Between the wars

Between the wars

“J” Class: The Gift Submarines

With the end of World War 1 the British Government found itself with a considerable number of surplus naval vessels with little possibility of being able to use them all.  General reductions in both manpower and ships soon got underway, the bulk of the ships being placed in reserve or sold.  The majority of ships that had been completed before 1914 were nominated for scrap, with some being retained for use in subsidiary services.  In hindsight it would have been prudent to scrap them altogether.  The majority of the shops that had been completed during hostilities were retained, as they were modern and had many of the lessons of the war built into them.  Another option open to the British Government for disposal of the vessels was to hand over some of the newer ships to the Colonial and Dominion Governments to build up their naval strengths.  This latter course was adopted, the main recipient being the Commonwealth of Australia.

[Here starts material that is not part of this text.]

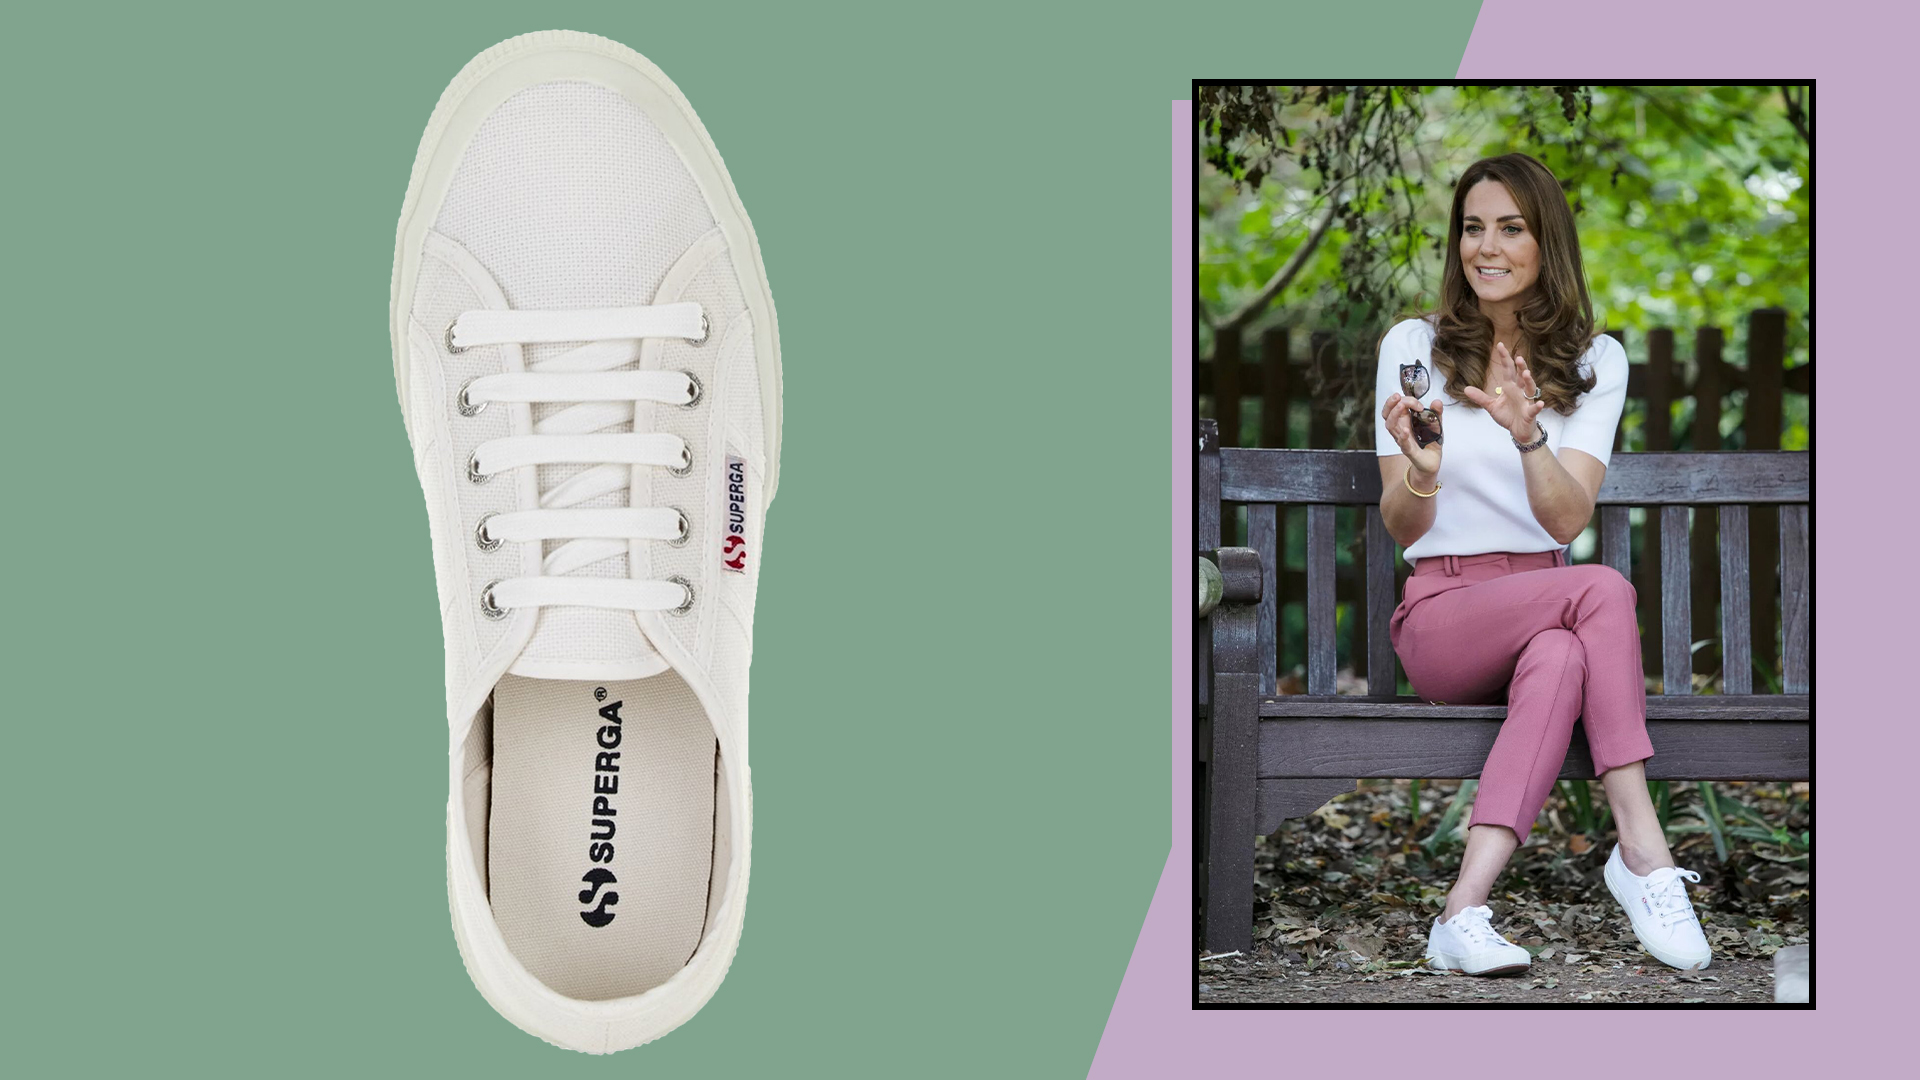 Kate Middleton's Superga Sneakers: White Canvas Cotu Classic 2750

Empire defence in the Pacific was significantly increased when it presented, as a gift to the Australian Government, a well-balanced Squadron the three minesweepers, five destroyers, six submarines and one flotilla leader.  The submarines were of the modern “J” Class, which had been designed for greater endurance than previous classes.  They also had long-range communications to enable them to reconnoitre in enemy waters.

Into Production

The large double-hulled ocean going submarines of the “J” class were built under the Emergency War Programme as a counter to some German vessels which were reported to have had a surface speed in excess of 18 knots.  The “J”s were the only triple-screwed British submarines ever built and when completed were the fastest submarines afloat.

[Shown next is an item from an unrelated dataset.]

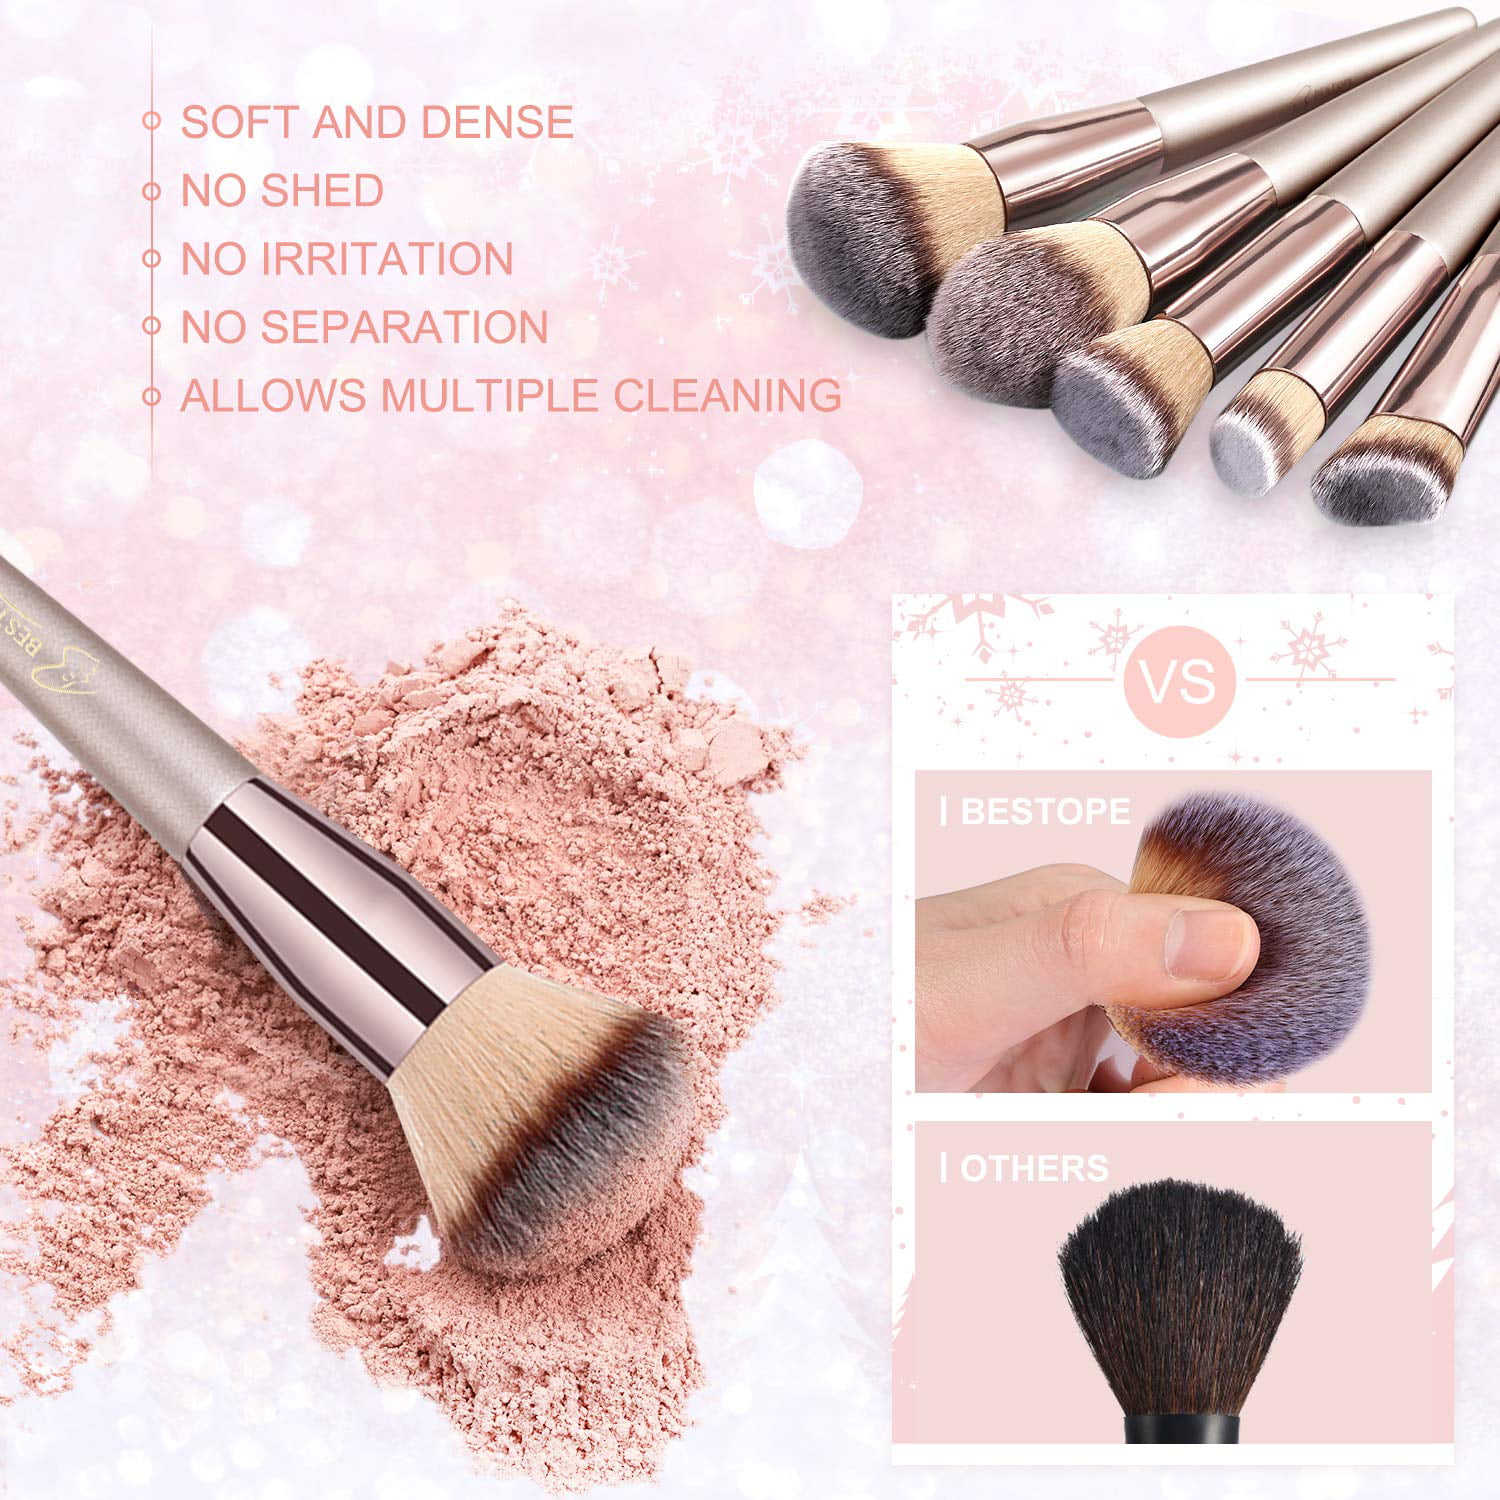 Ustar Makeup Brushes Kit 16pcs Makeup Brush Set Premium Synthetic Concealers Foundation Brush Blending Face Powder Blush Eyeshadow Brush Make Up

Both J1 and J2 were built at Portsmouth Dockyard and launched in November 1915 and early 1916 respectively.  At the same time Pembroke Dockyard, South Wales built J3 and J4, launching J2 on 4 December 1915 and J4 on 2 February 1916.  The remaining submarines J5 and J7 were built at Devonport Dockyard, Plymouth, J5 being completed in April 1916 followed by J7 in November 1917.

Originally the submarines were designed to carry the 4-in gun on a raised platform forward of the conning tower, but later this was extended to the bow and merged into the hull-form to improve cruising qualities.  The gun was then mounted on top of a special platform erected forward of the conning tower.  The conning tower in the first five was place forward of the mid-ships line, but in J7 it was placed further aft.  J7 differed somewhat in appearance and displaced some 60 tons less than the others submerged.  A total seven of the class had been built, however, J6 was accidentally sunk by a British “Q” ship, in mistake for a German submarine, in the North Sea on 15 October 1918.  J1 also differed slightly from her sister-ships in having wings, supported on pillars, built each side of the gun platform.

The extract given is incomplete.